Carvey and Michaels were in lockstep regarding almost every aspect of the character, but the two butted heads over one particularly racy Church Lady sketch. 

In this edition of Church Chat, Enid Strict is joined by NFL Hall of Famers Joe Montana and Walter Payton. The sexually repressed Church Lady is beside herself discussing the “sweaty men” who play the game, introducing Montana and Payton as “large, tight-buttocked men.” 

The Church Lady practically perspires as she fantasizes about the center snapping the ball to Montana, his hands “nestled near his bulbous naughty place.” She wriggles in her chair when Payton reveals that “I try to penetrate any opening I can find.” That’s just the start — the sketch practically drips with football-themed innuendo. 

Although SNL has done raunchier sketches over the years, Michaels didn’t like the vibe of Montana fondling the Church Lady’s flanks. Annoyed, he moved the sketch near the end of the show. Carvey, usually a go-along-to-get-along type of guy, fought back. “I can’t believe I did this, but I snapped at Lorne and said, ‘I’m just trying to make the show a hit again.’”

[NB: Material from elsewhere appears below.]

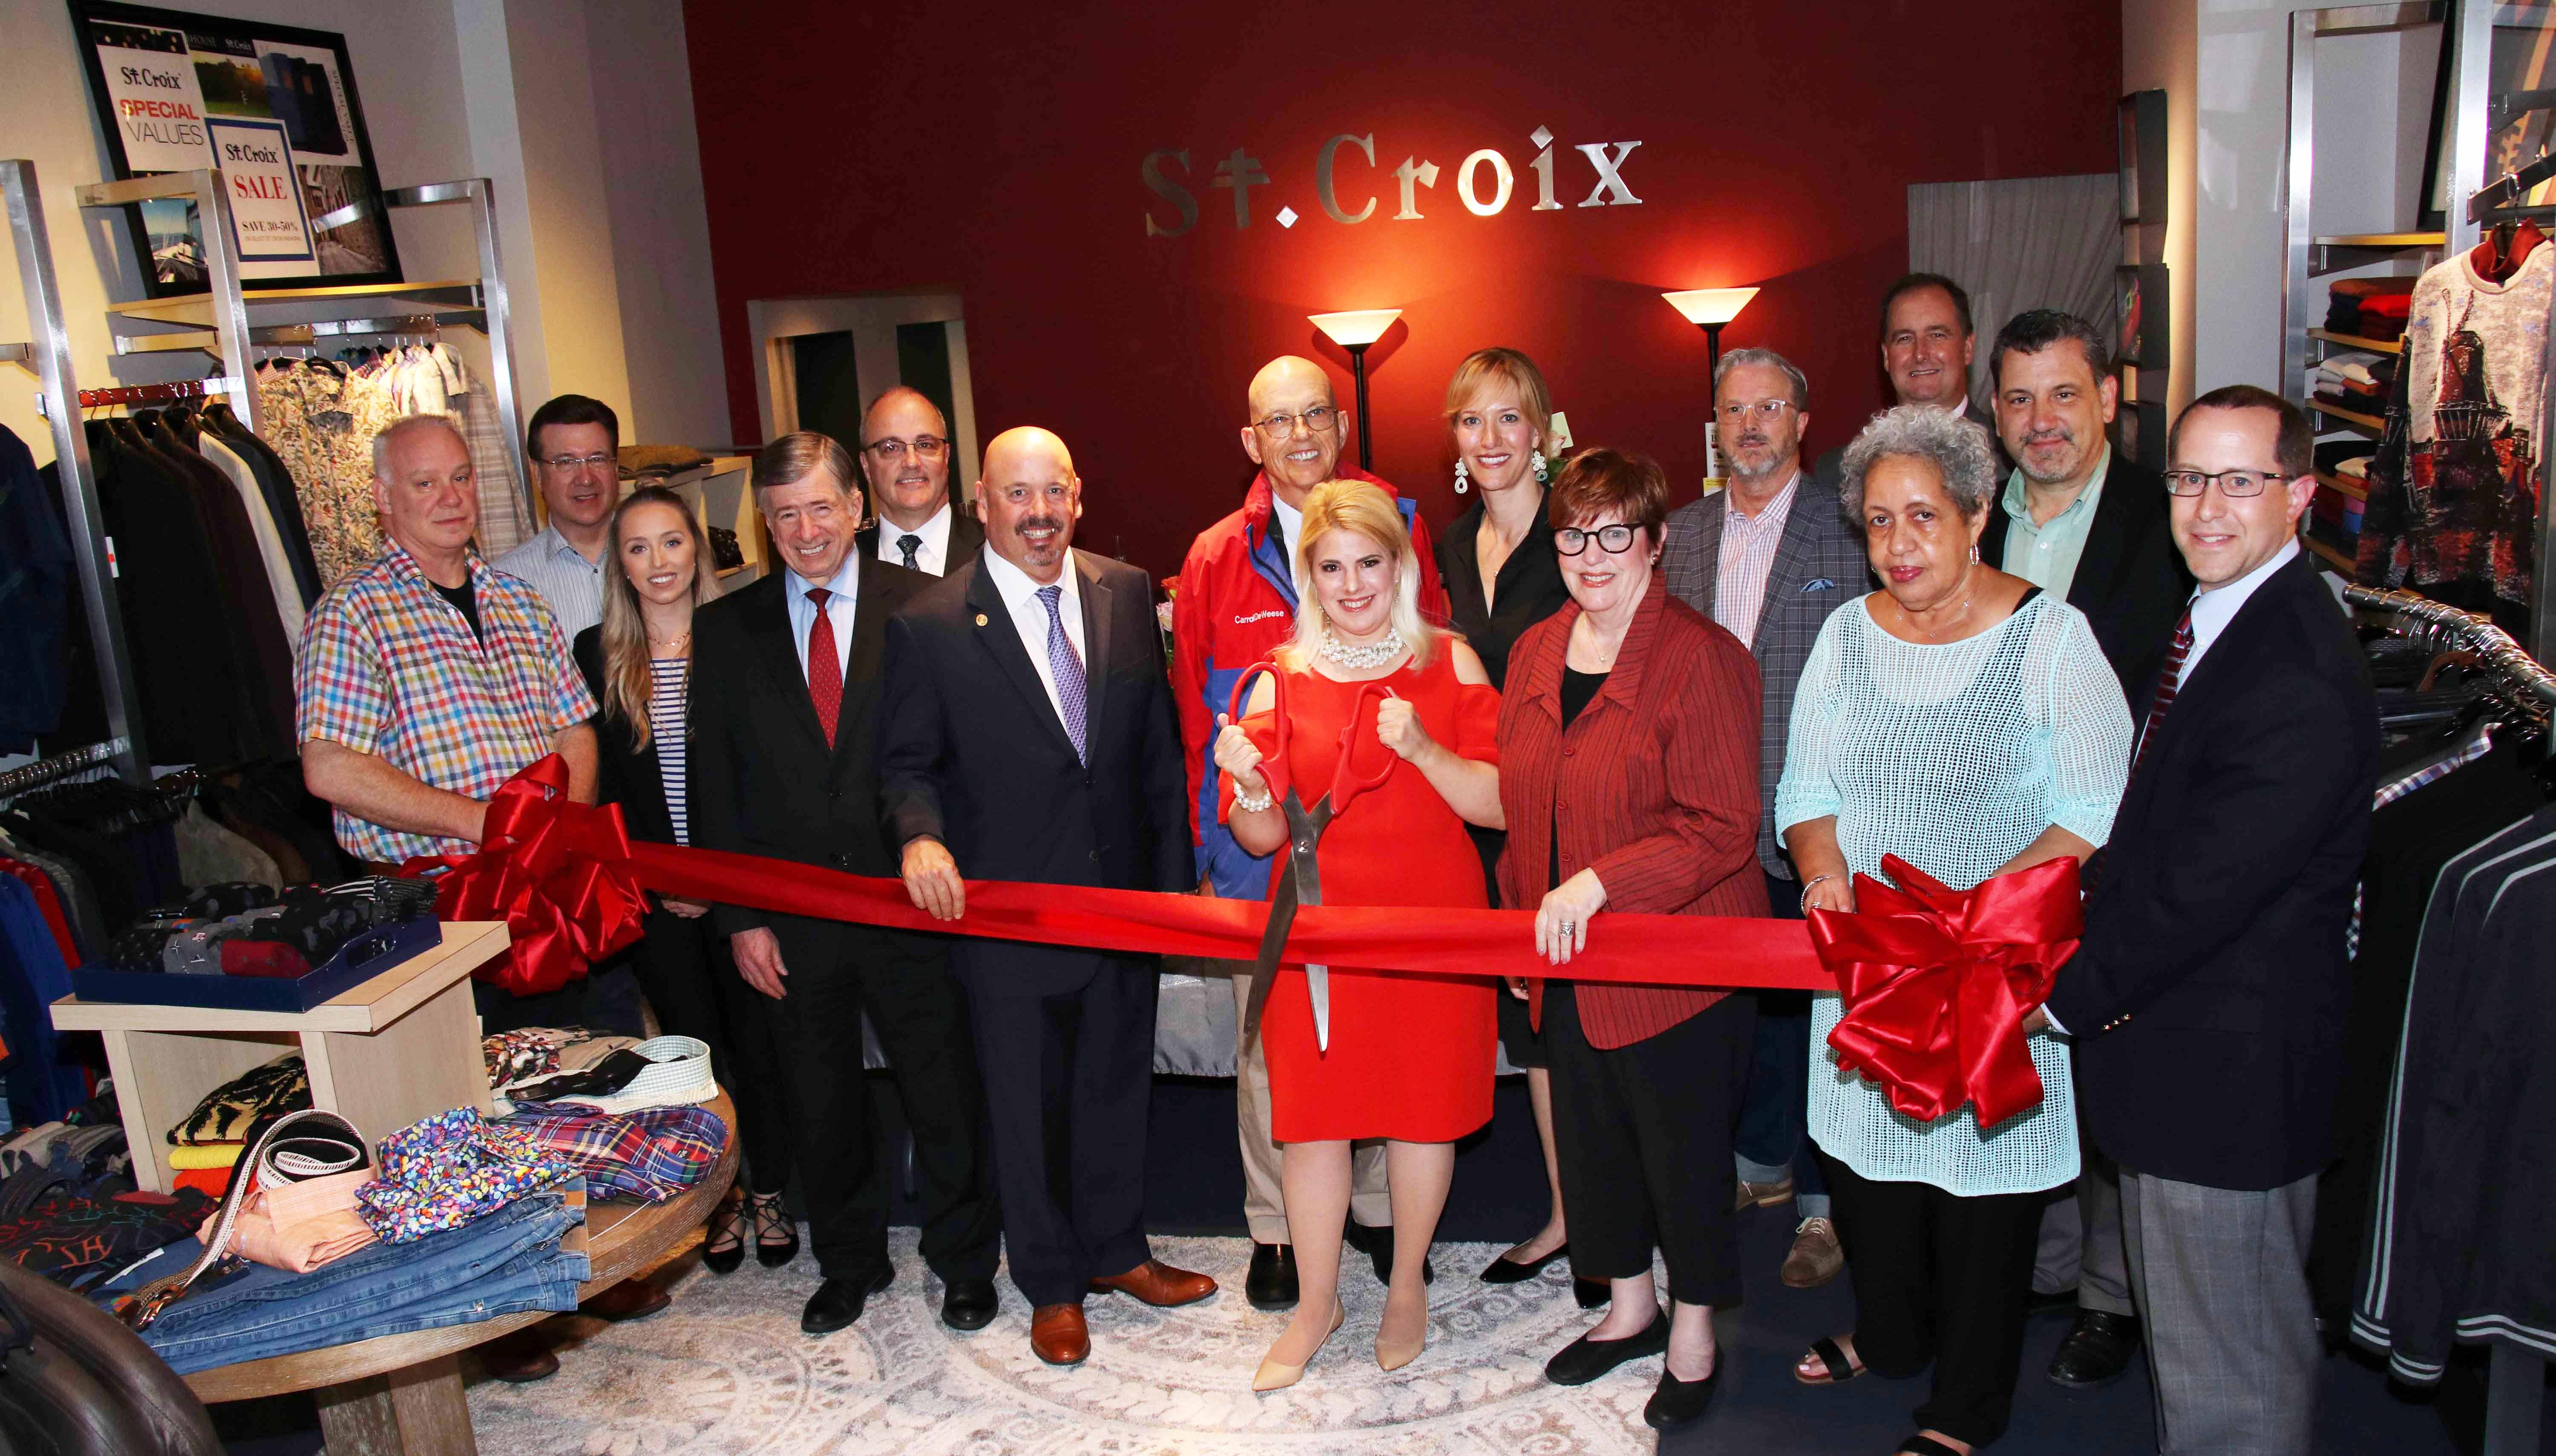 BBCC hosts ribbon cutting for St. Croix Shop - Birmingham-Bloomfield  Chamber of Commerce

In the wake of Michaels’ failure to revive the show in his first season back at SNL, that one had to hurt. But he didn’t budge, relegating the unusually sexual Church Lady sketch to the end of the show.

Carvey had the last laugh, though. Determined to show Michaels he was right, he put everything he had into the sketch and the crowd went bonkers despite the late hour. “This old sound guy came up afterward,” Carvey remembered. “‘I never seen the needles peak like that, kid.’”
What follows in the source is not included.